Tracking and air in leakage

This is a common cause of trouble because precipitator structures are physically large and have numerous access doors, etc, at which leakage can occur. If the in leakage is sufficiently high, a draft of cool and possibly moist air will pass over the insulators, steady bars, etc. As the voltage inside a precipitator is very high (40-50 k V), tracking paths may result. Therefore, it is important that access -door seals, rapping rod covers, expansion joints and other ingress points are kept in good condition and are airtight.
Apart from above hazards, there are the additional disadvantages that in leakage increases the mass flow of the gas and lowers its temperature.

Poor rapping

In the usual precipitator arrangement the wires are negatively charged and the collector plates are earthed. In the immediate vicinity of the wires the electrostatic field is so strong that corona discharge occurs. The corona ionizes the flue gases and the entrained solid particles acquire negative ions, causing them to migrate towards the relatively –positive collecting plates. A few particles acquire positive ions and theses migrate towards the discharge electrodes.
The dust which adheres to the wires and collecting plates is periodically removed by rapping.
The timing of rapping operation is important as damage can be done to the plant if it is too frequent. Also, every time rapping takes place some of the dislodged dust is re-entrained, so reducing the collection performance. On the other hand, if the interval between raps is too great, the dust build-up on the wires and the plates will be sufficient to interfere with the operation of the plant and this also will reduce its performance. Efforts should be made to determine the optimum timing.
Upon inspection, the collector plate dust –layer should be less than 1 mm for high resistance dust and 3 mm for dust from coal with high sulphur. The discharge electrodes should have a very light deposit.

Electrode  breakage

The discharge electrodes consist of relatively thin wires which may be of flat, circular, star or square cross-section. In addition, they may be barbed or plain, twisted or straight and rigidly or loosely fastened, besides being made from a range of materials. Whichever arrangement is adopted, the essential requirement is that the wires should have excellent reliability. Out of the huge number in a zone, it only needs one to break to cause short-circuiting and electrical instability generally, which may seriously affect the performance of the plant.
Spark erosion is a common cause of wire failure.
The ‘unbreakable’ type of wire is becoming popular because of its inherent reliability. One method of limiting the effect on performance by breakage is to divide a complete zone into four sub-zones, so that a broken wire only affects a quarter of the zone.

Ash resistivity

An important factor in precipitator performance is the electrical conductivity of the ash itself. Poor combustion can result in a higher than normal carbon content in the ash. This causes the particles to have a lower resistivity which may cause them to be difficult to collect. This means that they can be readily re-entrained by the gas, particularly during rapping.
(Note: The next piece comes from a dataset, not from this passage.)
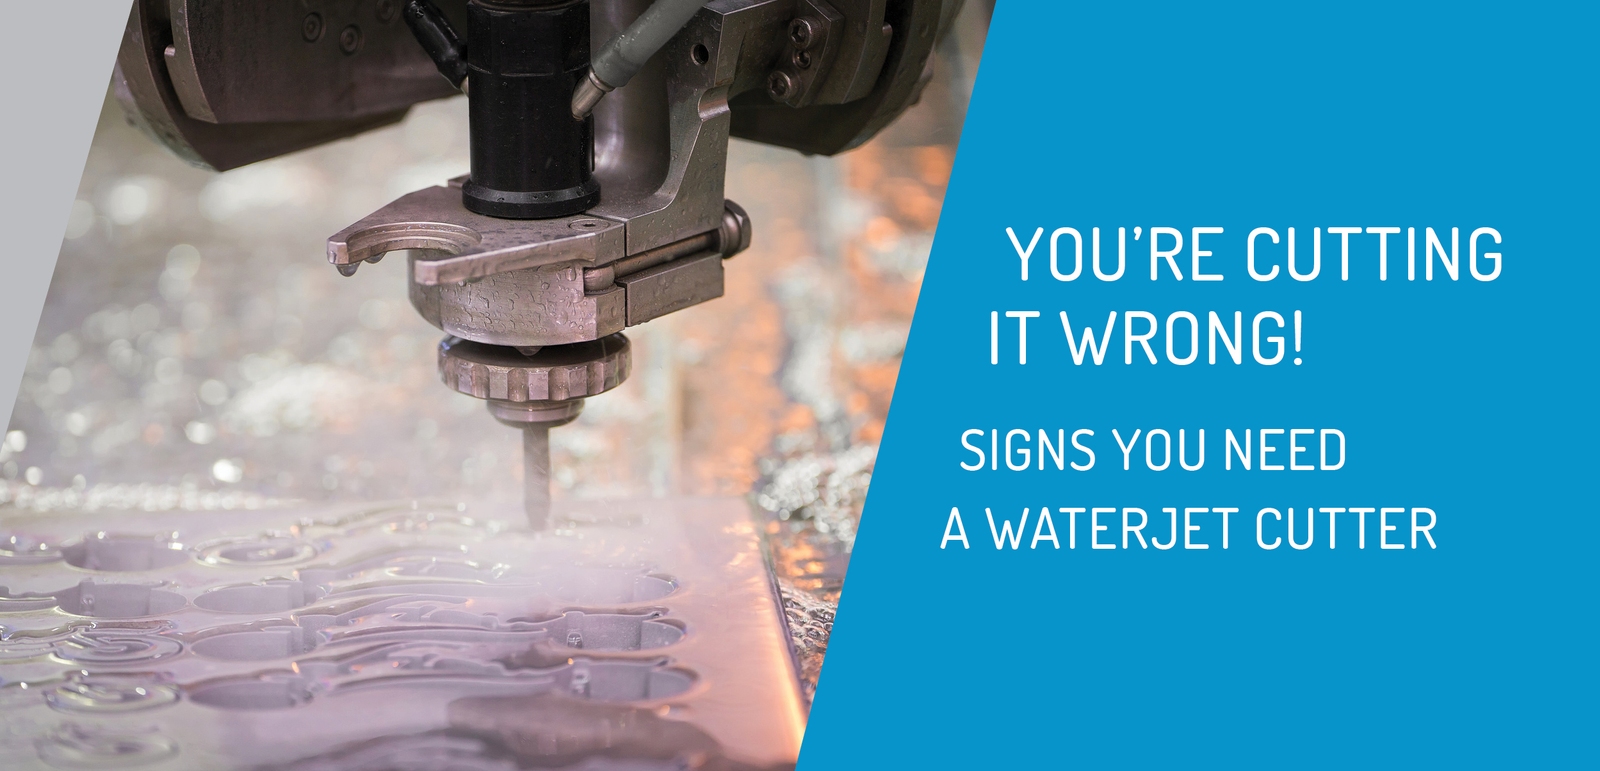 You’re Cutting it Wrong! Signs you Need a Waterjet

On the other hand, if the resistivity is too high, the dust will accumulate on the collector plates and form an insulating layer, so preventing subsequent particles from surrendering their charge. Consequently, the charge on the surface layer will repel incoming dust, causing re-entrainment. In addition, a very high voltage- gradient will be built up across the dust layer which could result in flashover. Dust with high resistivity will suppress the corona discharge, seriously lowering the performance of the plant.
The resistivity of the ash is a function of the surface layers of sulfuric acid, salts and moisture, particularly the acid. If the coal contains about 2% sulfur, the resulting sulfuric acid deposition creates a desirable level of dust resistivity. If the sulfur content of the coal is very low, a highly resistive ash may be produced which is very difficult to precipitate. One remedy for this is to inject small quantities of suitable additives, such as ammonium sulfate, into the flue gas.
The desirable range of resistivity is between 106 and 1012 ohm-cm. Should the normal fuel supplies be low in sulfur and a change to alternate supplies be uneconomic, another possible remedy besides injection is to install ‘pulsed  energization’. In this, high frequency pulses are added to the rectified wave form. The resulting high ion-density corona acts along the length of the discharge electrode instead of just at discrete locations, so the dust particles are more easily precipitated. The improved performance is called the Enhancement factor given by (pulsed migration velocity)/ (unpulsed migration velocity).

Particle size

Particle sizing has an important bearing upon the efficiency of precipitations. Up to approximately 20 µm, the electrical and the drag forces combine to give a deposition velocity which increases in roughly efficient for sizes over 20 µm, the only problem being that of slight re-entrainment. Dust less than 20 µm is more difficult to capture, so the stack emission will contain a preponderance of fine particles.

Electrical conditions

Figure below shows the relationship between electrical power input and   precipitator efficiency. As one would expect, increased power results in improved performance, provided the power is useful.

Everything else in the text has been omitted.